Dalam melakukan suatu penilaian kepada pegawainya, penilai atau manajer tidak serta merta melakukan sistem penilaian berdasarkan keinginannya sendiri, namun disini dalam melakukan penilaian ada kriteria atau standar penilaian hasil karya yang digunakan unutk melihat seberapa jauh keberhasilan pegawai atau karyawan dalam keberhasilan pencapaian kerja, dengan dihubungkan dengan hasil kerja yang diperoleh, dan diuraikan dari analisis pekerjaan.

Ukuran kinerja digunakan sebagai ukuran yang handal hendaknya dapat dibandingkan dengan cara lain dengan standar yang sama. Pada tingkat keorganisasian, pokok pembahasan berpusat pada pengevaluasian efektivitas organisasi, yang sebagian pembahasan adalah mengenai evaluasi hasil karya yang akan memusatkan perhatian pada tingkat individual. Ada beberapa kriteria (standar) yang harus dipenuhi sebelum malakukan evaluasi hasil karya yakni:

  1. Kriteria  harus relevan bagi individu dan organisasi

Penentuan dari relevan sendiri itu merupakan masalah yang diperdebatkan individu atau kelompok tertentu harus melakukan pertimbangan mengenai apa yang menjadi relevan. Setelah kriteria relevan dipilih, maka harus ada usaha untuk mengembangkan ukuran yang sehat dan yang absah mengenai variabel itu.

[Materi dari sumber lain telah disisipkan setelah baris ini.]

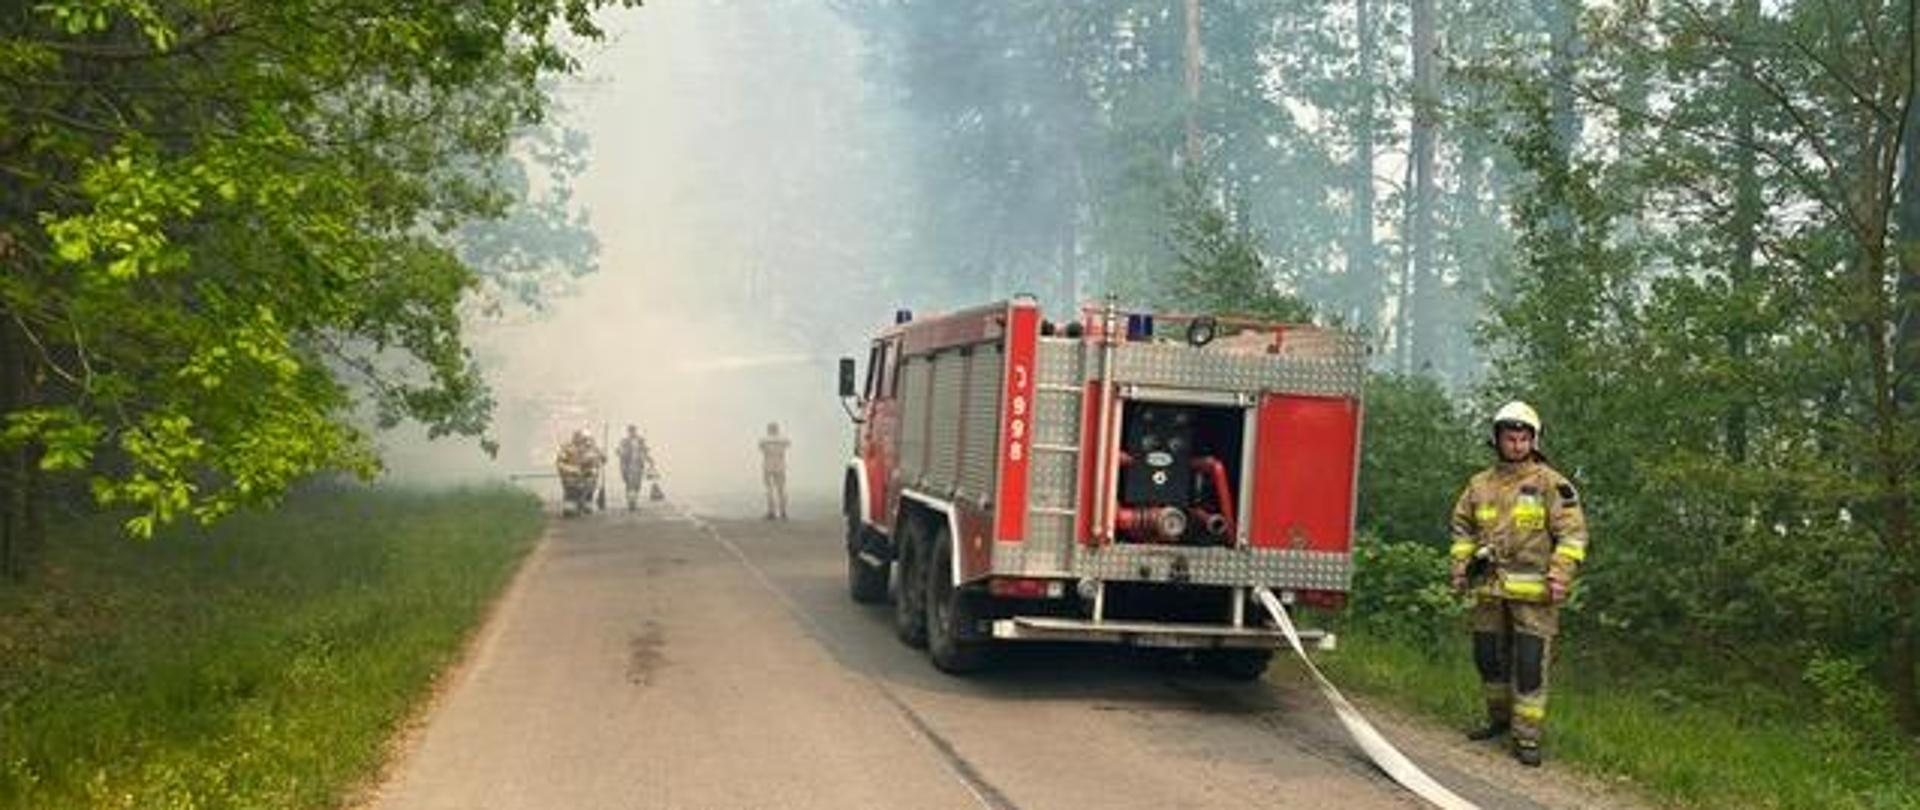 Zdjęcie przedstawia drogę w lesie i stojący na niej samochód pożarniczy. W głębi silnie zadymiony las i ratownicy ze sprzętem gaśniczym.

  1. Kriteria  harus mantap atau dapat dipercaya

Menyangkut persetujuan antara evaluasi-evaluasi pada waktu yang berbeda-beda. Jika hasil dari dua evaluasi yang berbeda-beda.

  1. kriteriamungkin relevan dan dapat dipercaya,

namun tetap tidak berguna dalam mengevaluasi pegawai, ketika berguna hanya jika dapat membedakan antara orang-orang yang berhasil bekerja dengan baik atau dengan jelek.

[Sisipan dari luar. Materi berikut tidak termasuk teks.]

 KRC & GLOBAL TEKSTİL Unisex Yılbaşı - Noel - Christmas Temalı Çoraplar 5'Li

  1. kriteria harus praktis

Yang berarti praktis bagi orang yang menilai dan yang dinilai. Jika standar tersebut tidak mempunyai fungsi yang praktis, maka standar tersebut menjadi sesuatu yang dievaluasi tetapi tidak mempunyai arti sama sekali (Gibson, dkk. 1997:491).

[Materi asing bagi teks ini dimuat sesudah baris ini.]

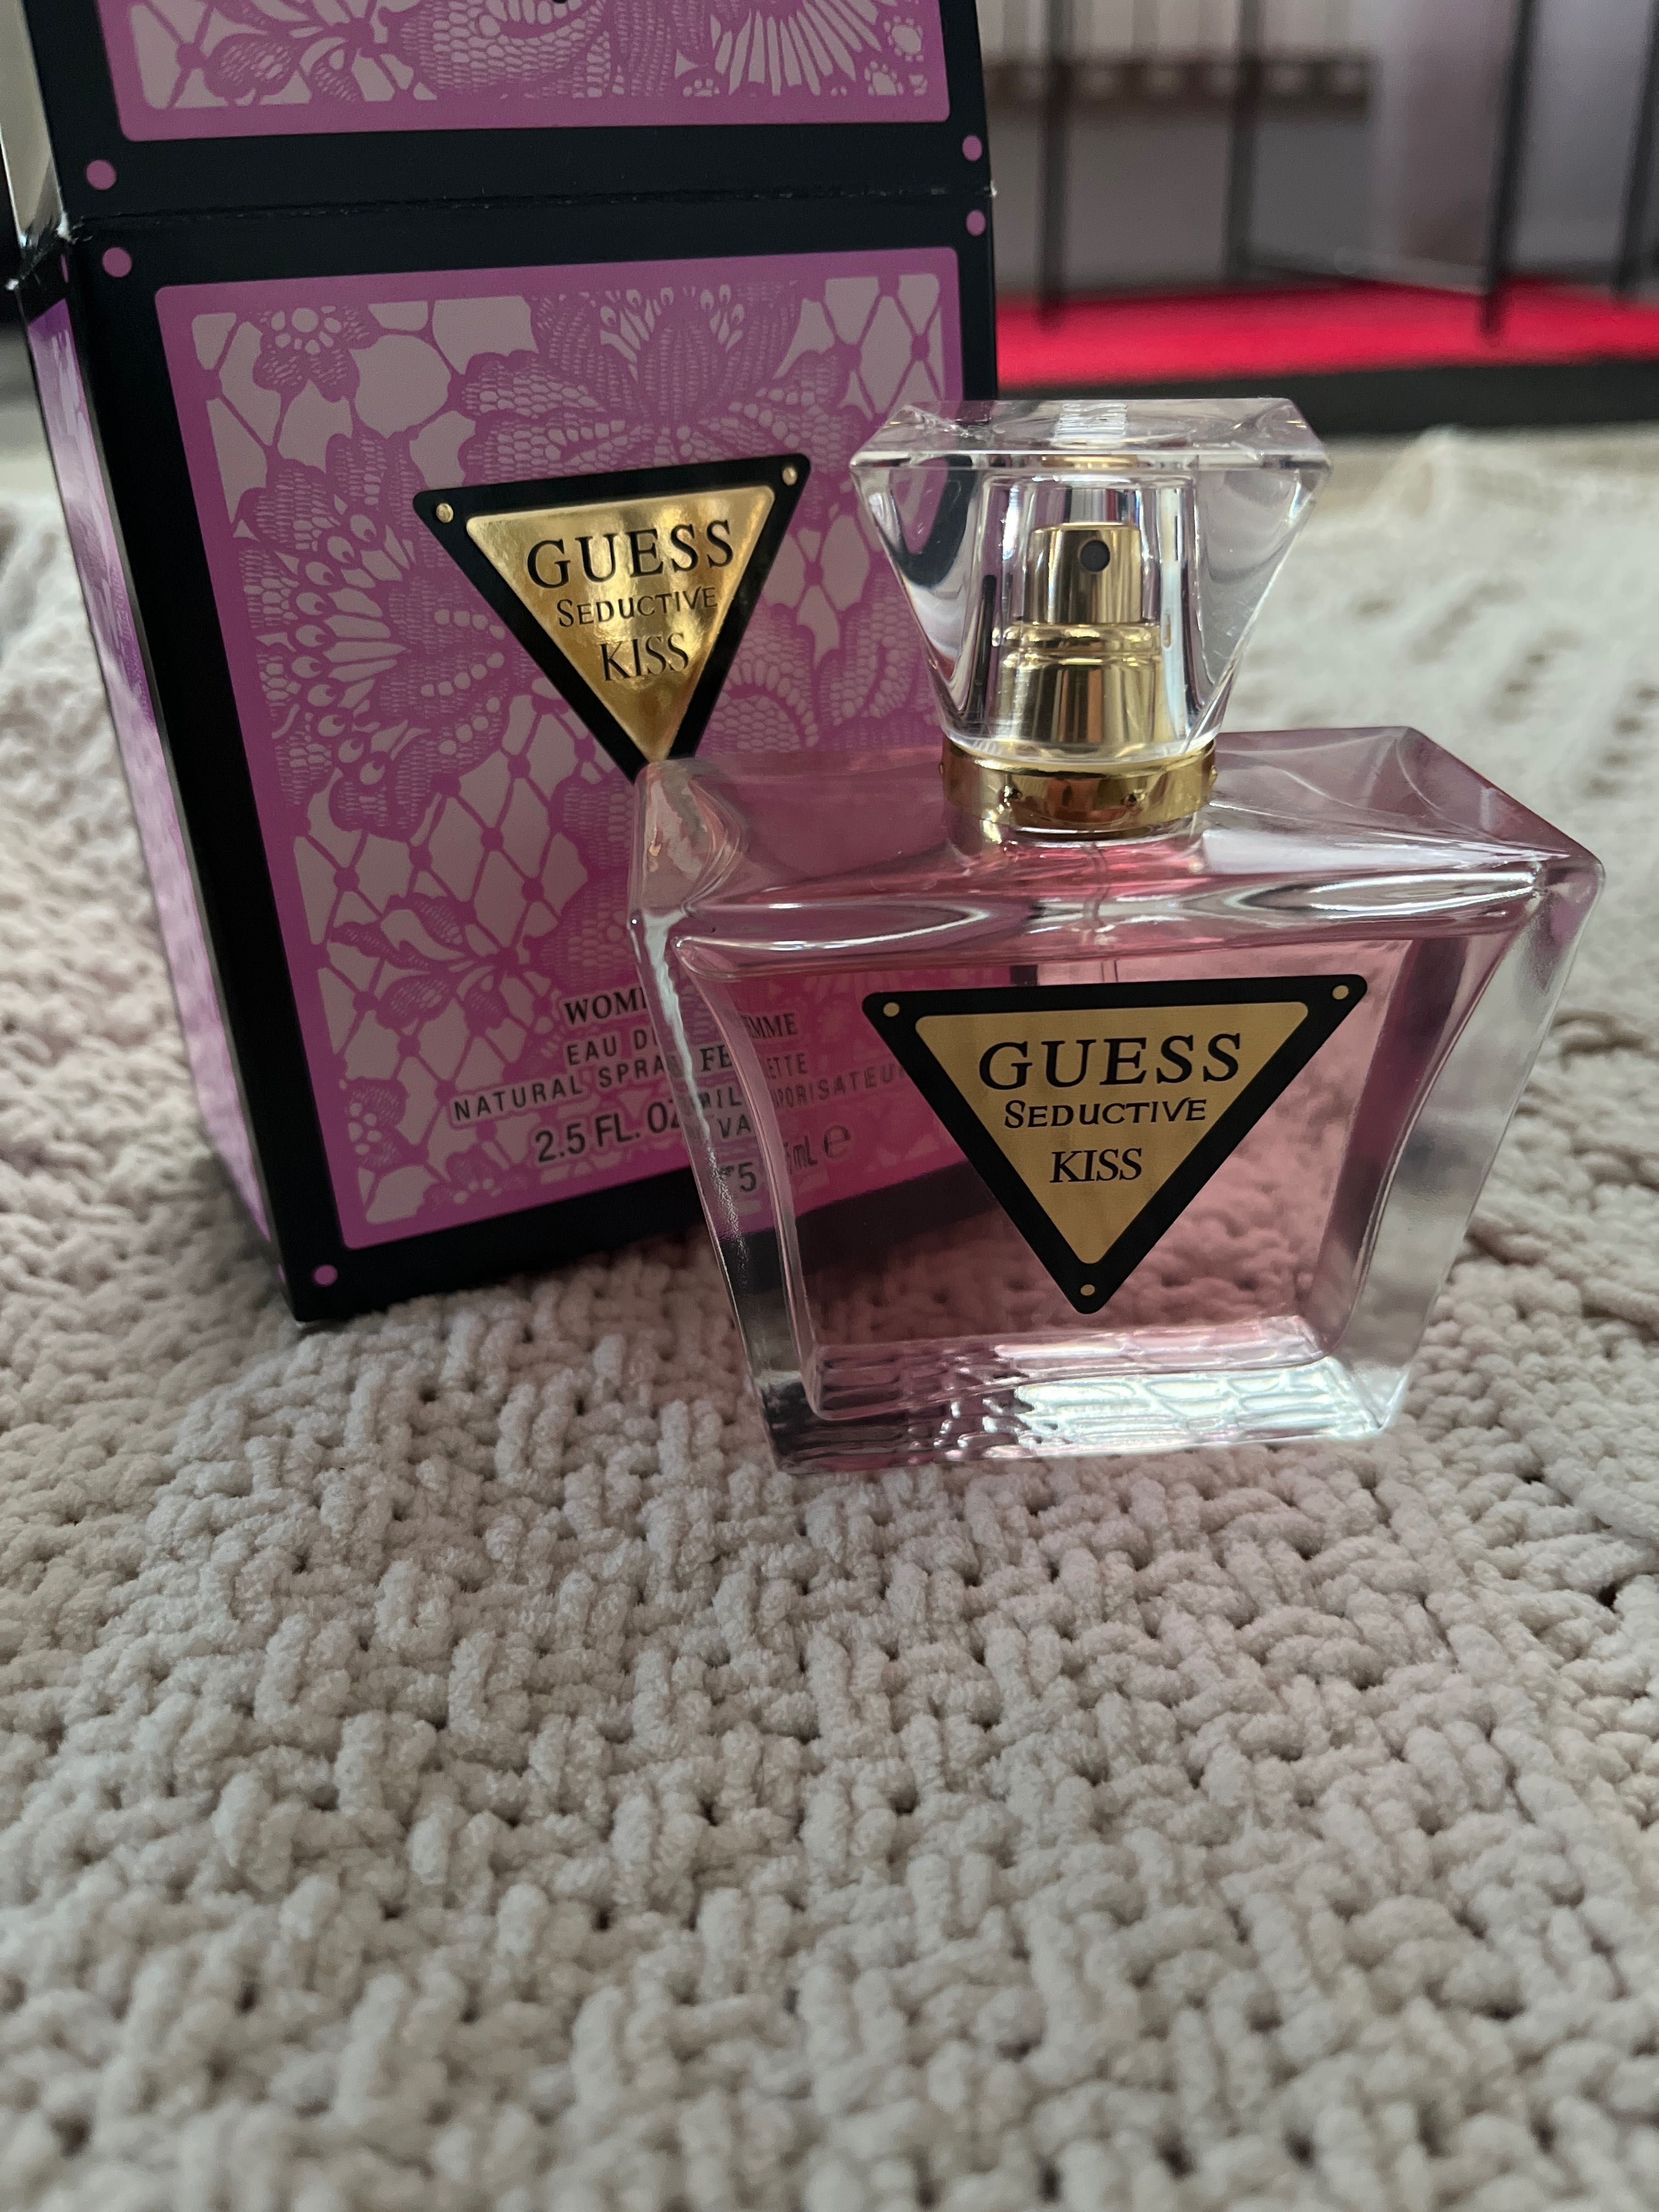 Perfumy GUESS seductive kiss

Agar dapat mematuhi peraturan federal yang mengenai evaluasi hasil karya, maka masalah kriteria, keabsahan (valid), dan dapat dipercaya (reliability) harus dipertimbangkan dengan seksama. Maka manajer perlu memeriksa kembali keputusan pengadilan yang lalu. Selain dari memerhatikan masalah kriteria, keabsahan, dan dapat dipercaya, maka juga perlu memperhatikan sebagai berikut:

  • seluruh proses evaluasi hasil karya sudah dibakukan dan disusun seobjektif mungkin
  • evaluasi hasil karya harus sedapat mungkin berhubungan dengan pekerjaan
  • analisis pekerjaan formal yang mendalam bagi semua posisi telah dilakukan secara seksama
  • penilaian subjektif dipertimbangkan hanya sebagai satu input dalam keputusan evaluasi
  • para penilai dilatih untuk menggunakan alat-alat dan proses evaluasi hasil karya
  • para penilai sehari-hari harus mempunyai hubungan dengan para pegawai yang dinilai dan mampu terus menerus mengamati mereka
  • evaluasi dilaksanakansecara bebas oleh lebih dari satu orang penilai bagi setiap pegawai yang dinilai (Gibson, dkk. 1997:494)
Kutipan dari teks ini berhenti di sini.